"""

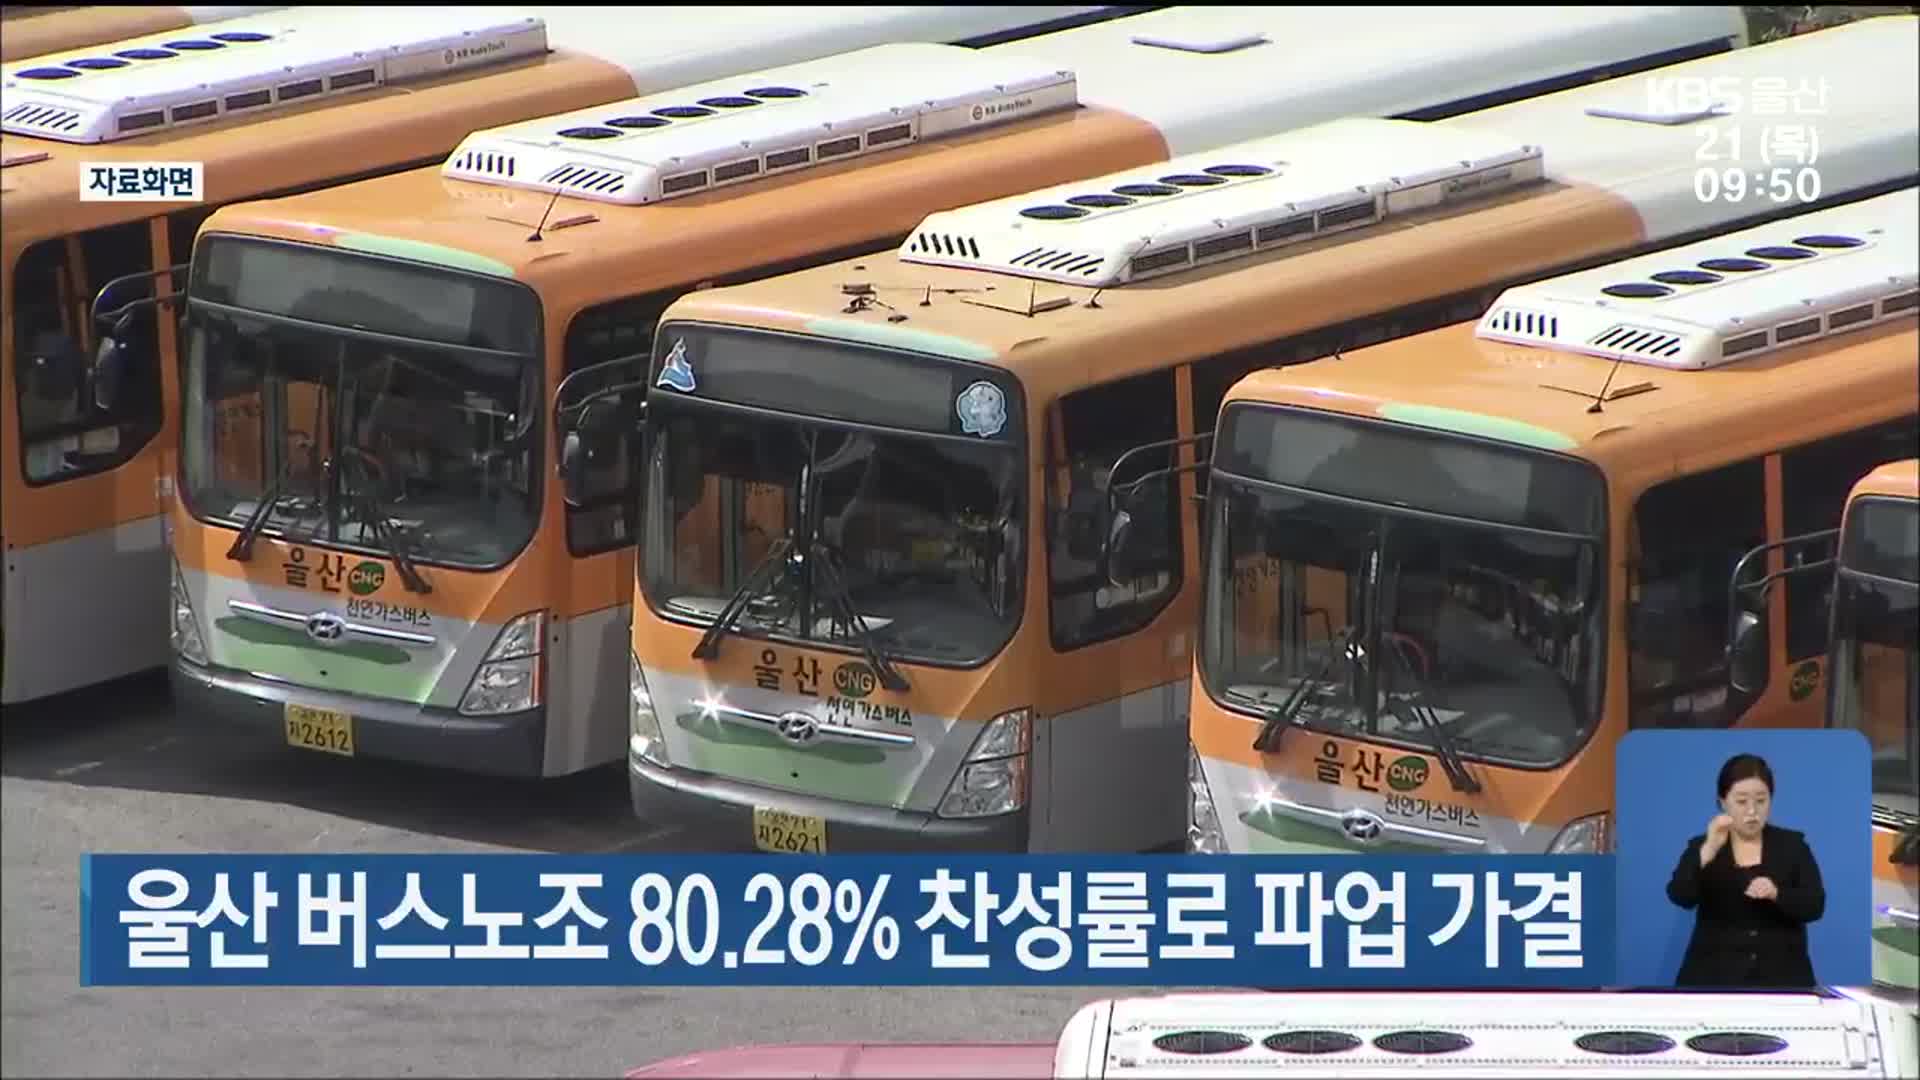 울산 버스노조 80.28% 찬성률로 파업 가결
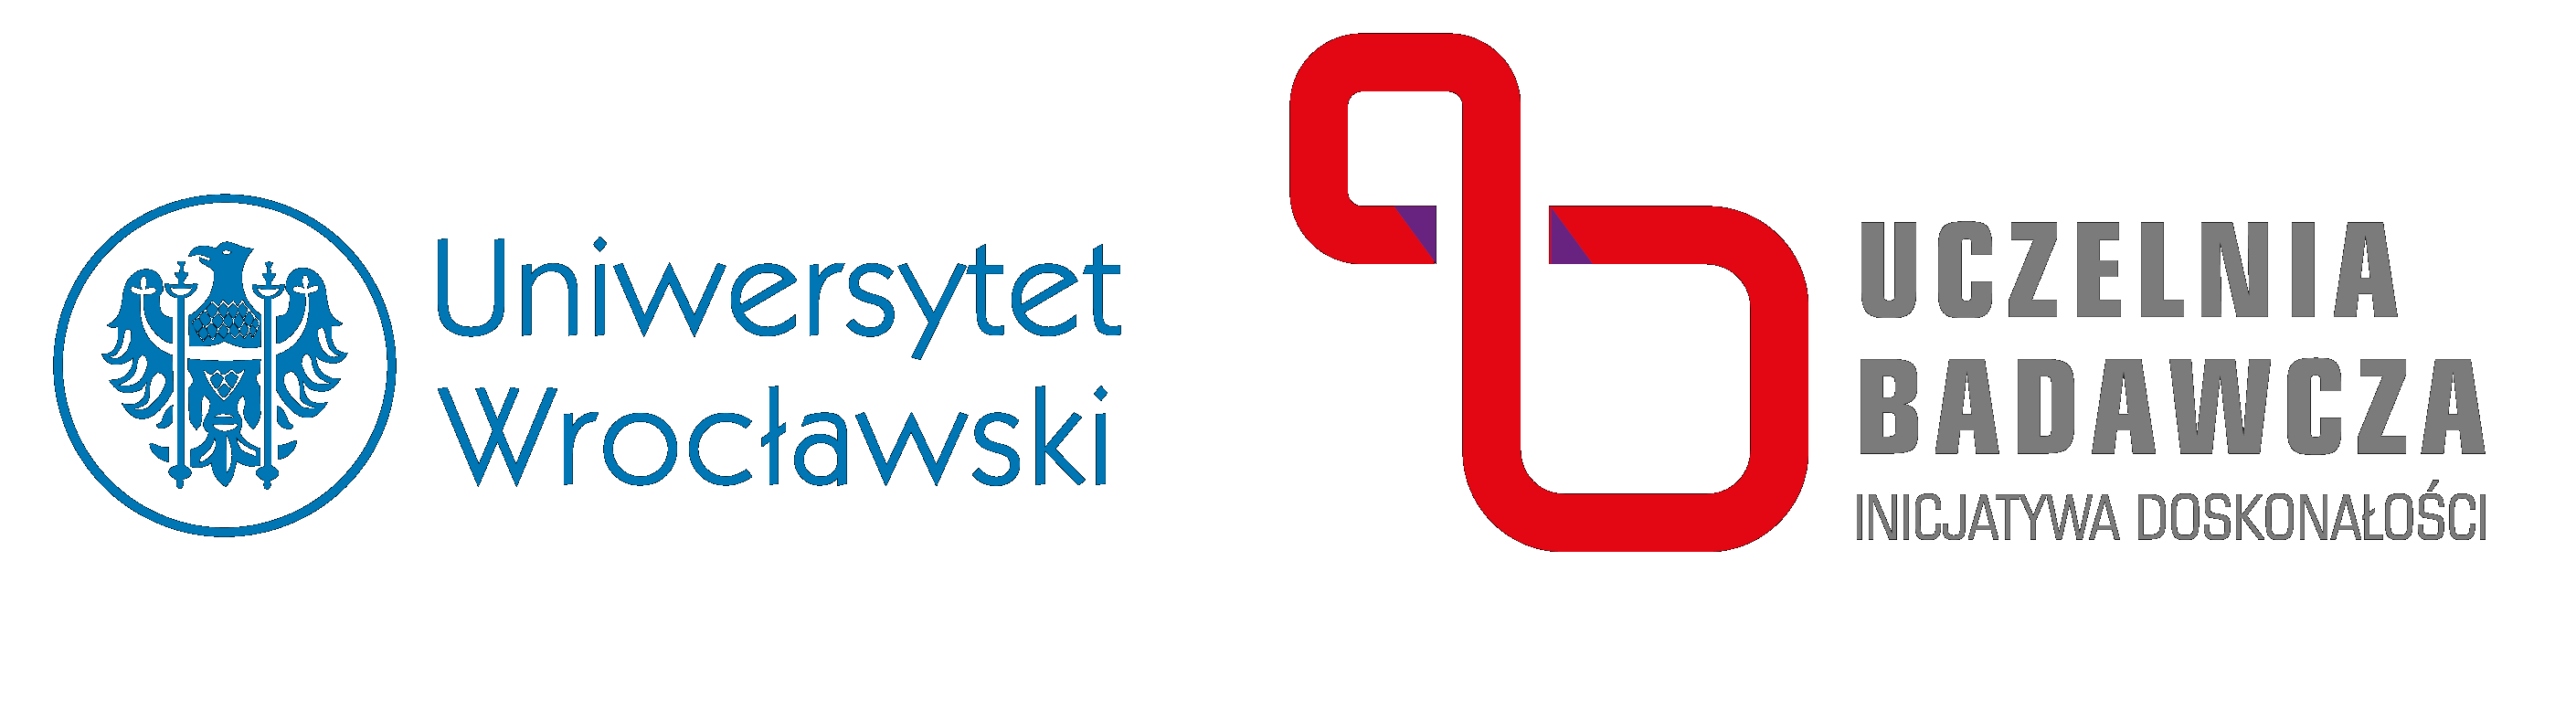 BadawczaUWrPL Logo EN Inicjatywa Doskonalosci CMYK poziom
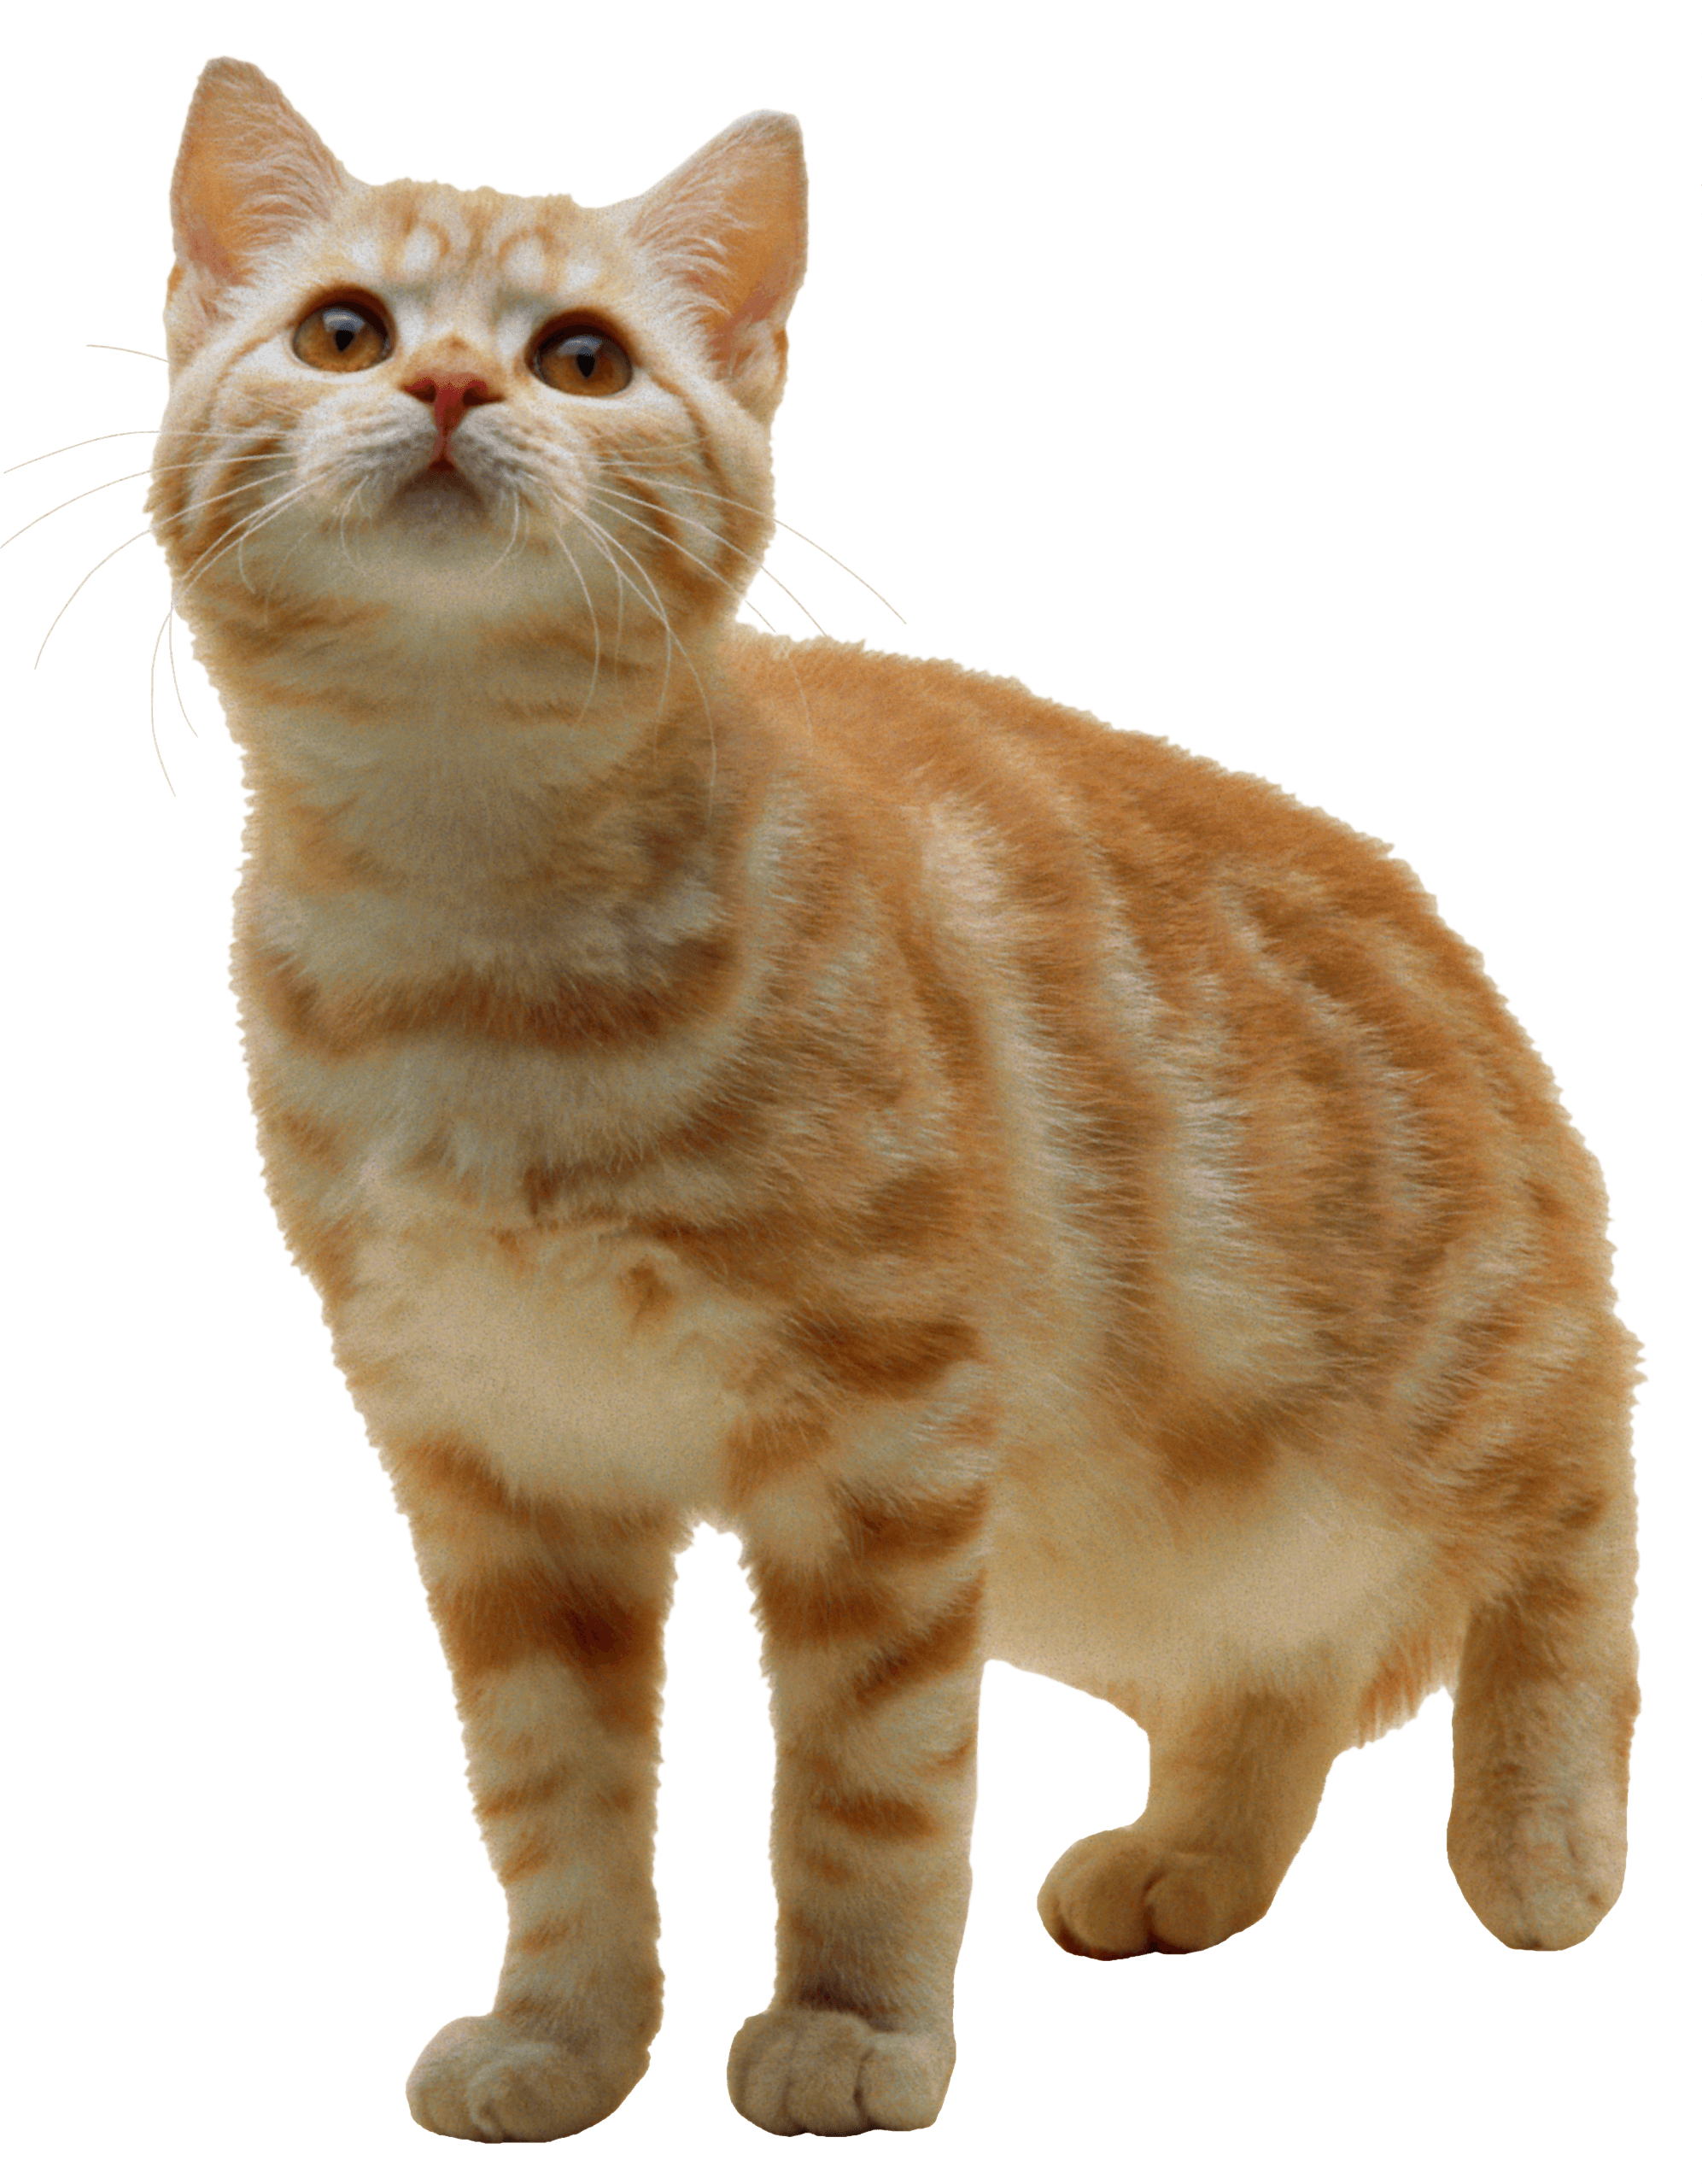 kittens clipart ginger cat

"""

The material above must be printed exactly, with its pictures left out.

 울산 버스노조 80.28% 찬성률로 파업 가결
 BadawczaUWrPL Logo EN Inicjatywa Doskonalosci CMYK poziom
 kittens clipart ginger cat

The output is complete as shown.